Multiply this product by the last binomial.

\begin{align*}(3x^3-4x^2-3x+4)(3x+4) &= 9x^4+12x^3-12x^3-16x^2-9x^2-12x+12x-16\\ &= 9x^4-25x^2-16\end{align*}

4. The square indicates that there are two binomials. Expand this and multiply.

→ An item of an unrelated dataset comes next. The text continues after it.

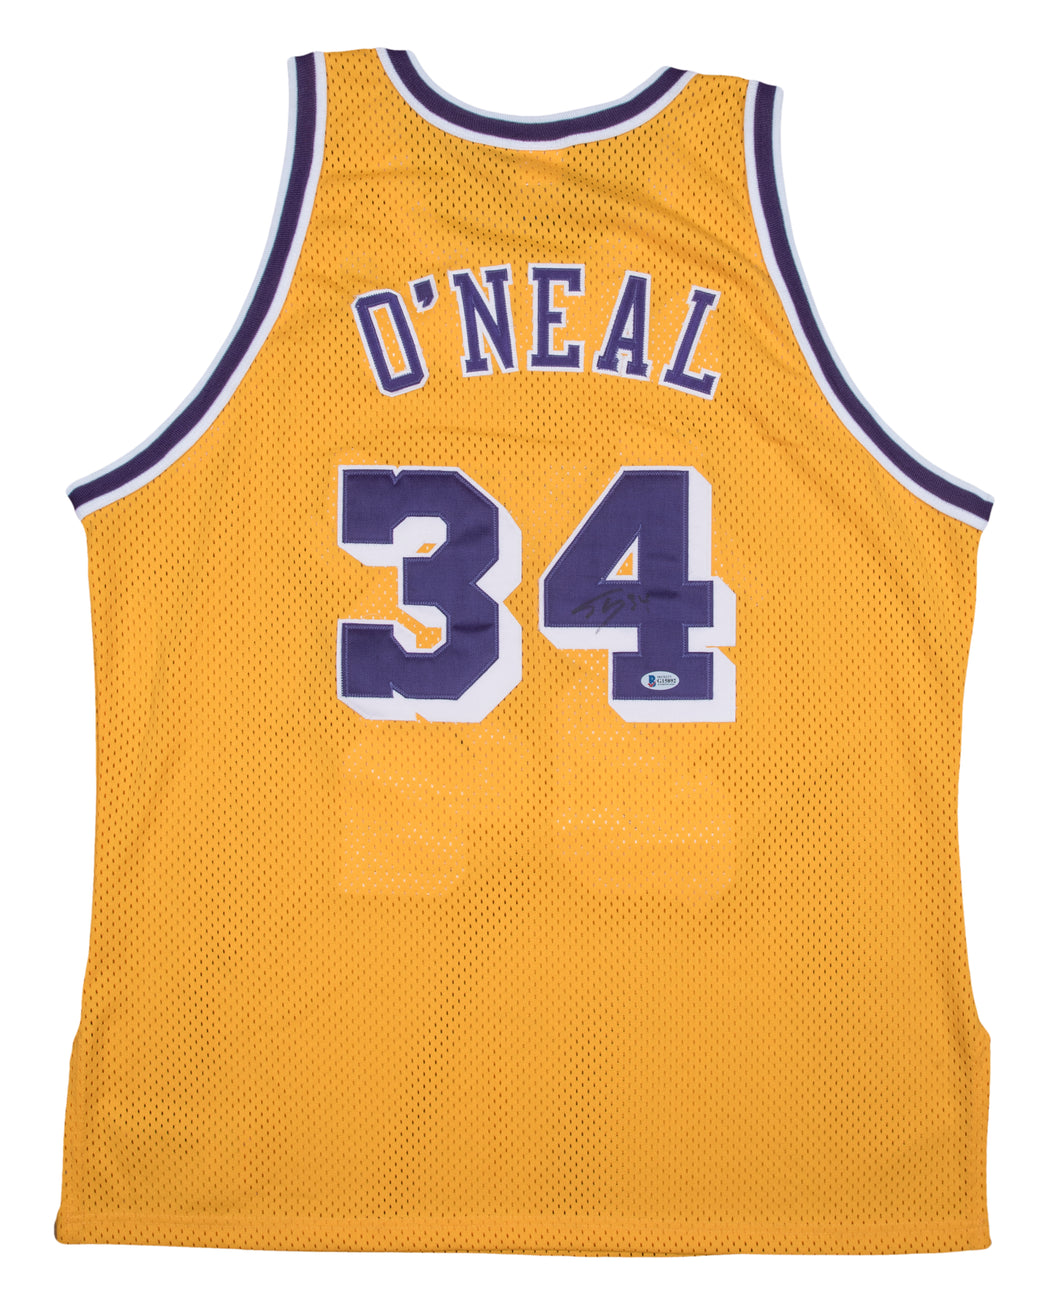 Shaquille O’Neal Autographed Lakers Jersey

\begin{align*}(2x-7)^2 &= (2x-7)(2x-7)\\ &= 4x^2-14x-14x+49\\ &= 4x^2-28x+49\end{align*}

Explore More

Find the product.

1. \begin{align*}5x(x^2-6x+8)\end{align*}
2. \begin{align*}-x^2(8x^3-11x+20)\end{align*}
3. \begin{align*}7x^3(3x^3-x^2+16x+10)\end{align*}
4. \begin{align*}(x^2+4)(x-5)\end{align*}
5. \begin{align*}(3x^2-4)(2x-7)\end{align*}
6. \begin{align*}(9-x^2)(x+2)\end{align*}
7. \begin{align*}(x^2+1)(x^2-2x-1)\end{align*}
8. \begin{align*}(5x-1)(x^3+8x-12)\end{align*}
9. \begin{align*}(x^2-6x-7)(3x^2-7x+15)\end{align*}
10. \begin{align*}(x-1)(2x-5)(x+8)\end{align*}
11. \begin{align*}(2x^2+5)(x^2-2)(x+4)\end{align*}
12. \begin{align*}(5x-12)^2\end{align*}
13. \begin{align*}-x^4(2x+11)(3x^2-1)\end{align*}
14. \begin{align*}(4x+9)^2\end{align*}
15. \begin{align*}(4x^3-x^2-3)(2x^2-x+6)\end{align*}
16. \begin{align*}(2x^3-6x^2+x+7)(5x^2+2x-4)\end{align*}
17. \begin{align*}(x^3+x^2-4x+15)(x^2-5x-6)\end{align*}

Vocabulary Language: English

distributive property

distributive property

The distributive property states that the product of an expression and a sum is equal to the sum of the products of the expression and each term in the sum. For example, $a(b + c) = ab + ac$.